Nesta perspectiva o desenvolvimento regional torna-se a mola propulsora do desenvolvimento nacional. Ele pode se dar através de ações integradas dos órgãos públicos presentes na região, considerando os três entes federados e os consórcios intermunicipais. A expansão das atividades econômicas existentes e a formação de novos empreendedores podem encontrar fortes estímulos nessas ações integradas e em parcerias com escolas e universidades presentes na região e que podem desenvolver estudos e projetos a partir dos recursos e potencialidades locais e regionais. O apoio às iniciativas privadas deve se estender aos empreendimentos vinculados à economia solidária e ao cooperativismo.

Uma atenção especial merecem as regiões metropolitanas. Não cabe aqui um aprofundamento dessa questão que é das mais urgentes. Alguns pontos fundamentais devem ser pautados: como estabelecer limites à especulação imobiliária e ação das empresas construtoras e assegurar os espaços públicos convivenciais, as áreas verdes, a preservação das nascentes, dos rios, o adequado escoamento das águas e, ao mesmo tempo, como guardá-las para os períodos das secas e das baixas nos reservatórios?

Como assegurar a mobilidade urbana, o transporte coletivo decente e disciplinar o uso do automóvel individual?

Como melhorar a vida dos pobres e trabalhadores nos bairros e comunidades mais distantes assegurando-lhes o acesso aos espaços e às políticas públicas essenciais ao bem viver?

O desenvolvimento regional vinculado à participação das pessoas e ao exercício da cidadania, além das suas notórias vantagens éticas, socioeconômicas e ambientais, possibilita o desenvolvimento das pessoas.

A participação na gestão pública, essencial ao processo de democratização e transparência, possibilita a expansão das consciências e dos corações, tornando as pessoas mais informadas, conscientes e politizadas. A democracia pressupõe pessoas que vivem os valores democráticos na sua vida pessoal, familiar, profissional, nas suas relações comunitárias.

O projeto nacional pressupõe, além das políticas públicas, do desenvolvimento econômico e social, da preservação das nossas riquezas naturais, da nossa biodiversidade; pressupõe, sobretudo, o desenvolvimento cultural, político, ético do nosso povo.

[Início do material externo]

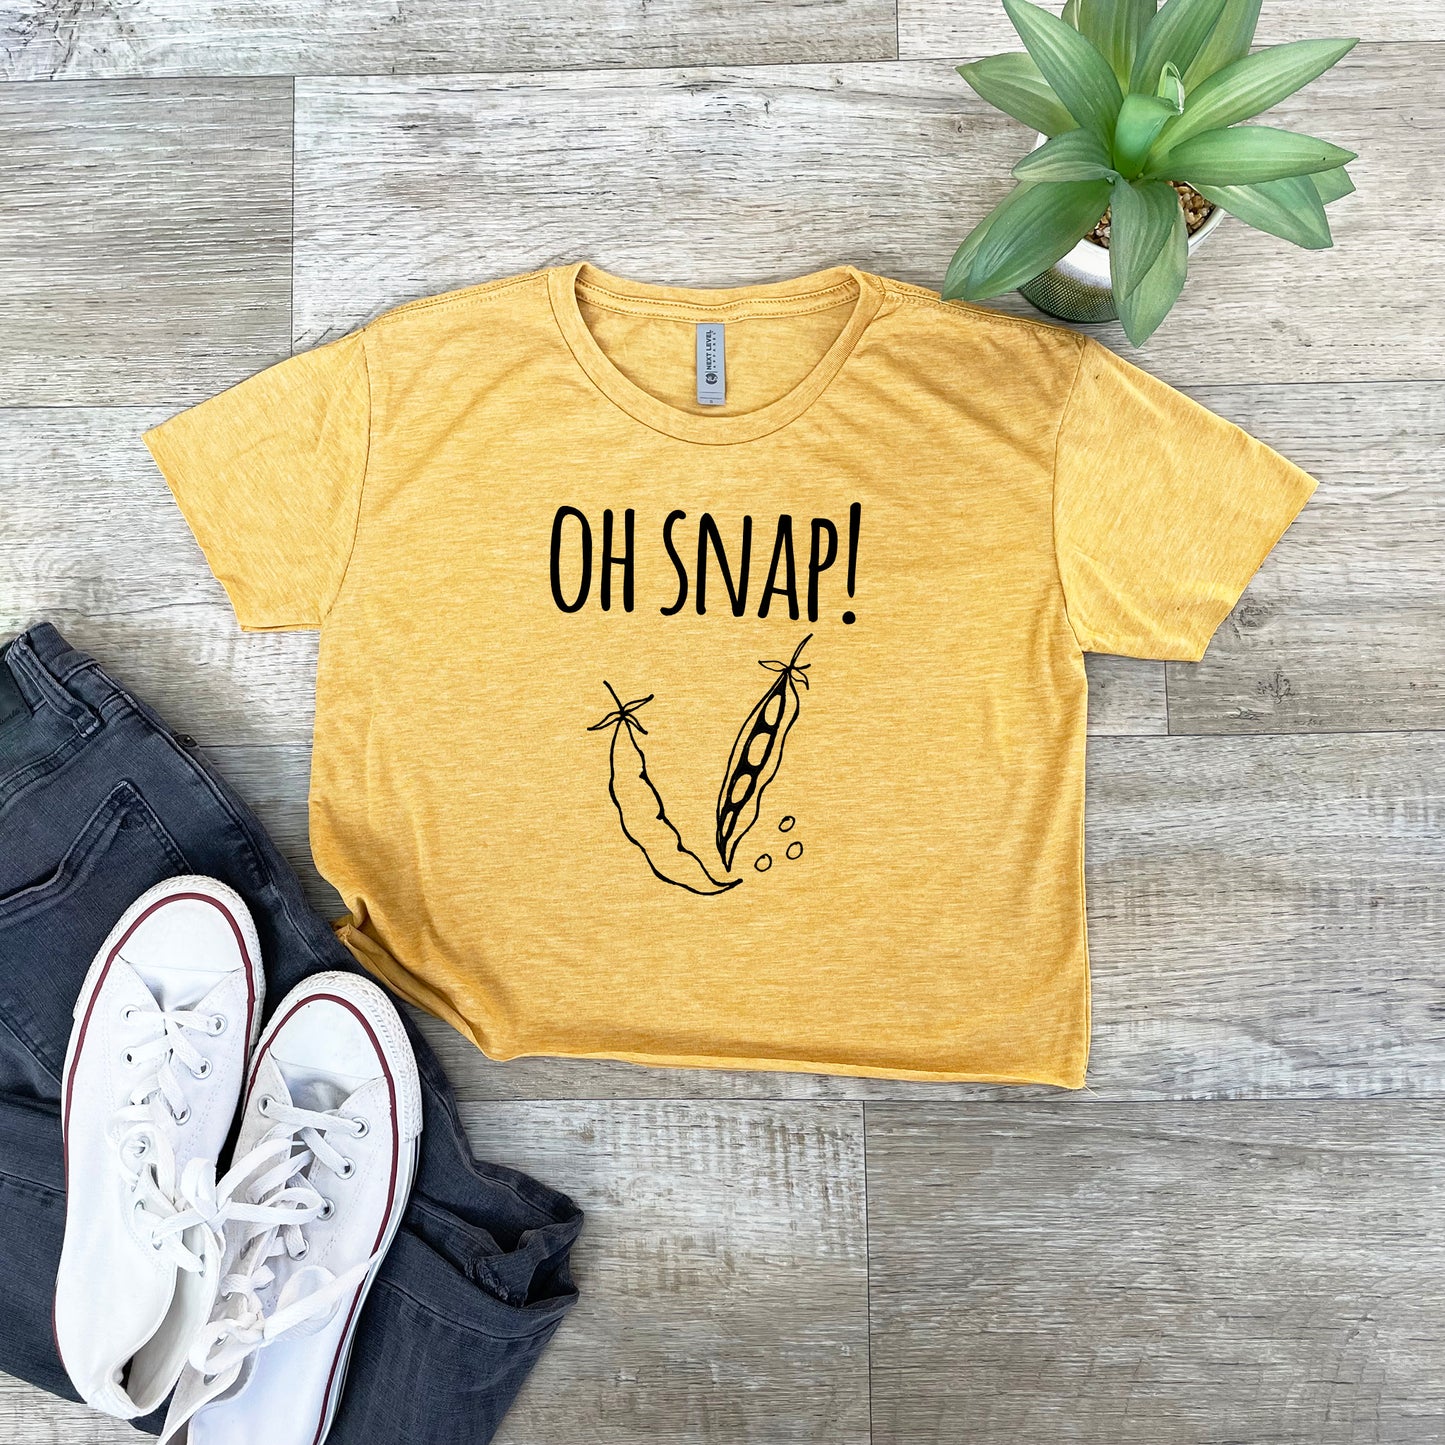 Oh Snap (Peas) - Women's Crop Tee - Heather Gray or Gold

O bem maior de um país é o seu povo. Dele, do povo, emana todo poder. A Constituição, que isso assegura, deve ser posta em prática. Cabe ao povo decidir e construir os destinos do seu país.

A tarefa primeira que se coloca aos que queremos o Estado nacional brasileiro a serviço do nosso povo é derrotarmos e superarmos democraticamente o atual governo que se contrapõe a todos os desejos e compromissos que aqui apresentamos.

*Pronunciamento do deputado federal Patrus Ananias no Grande Expediente da Câmara dos Deputados, em 05.02.2020.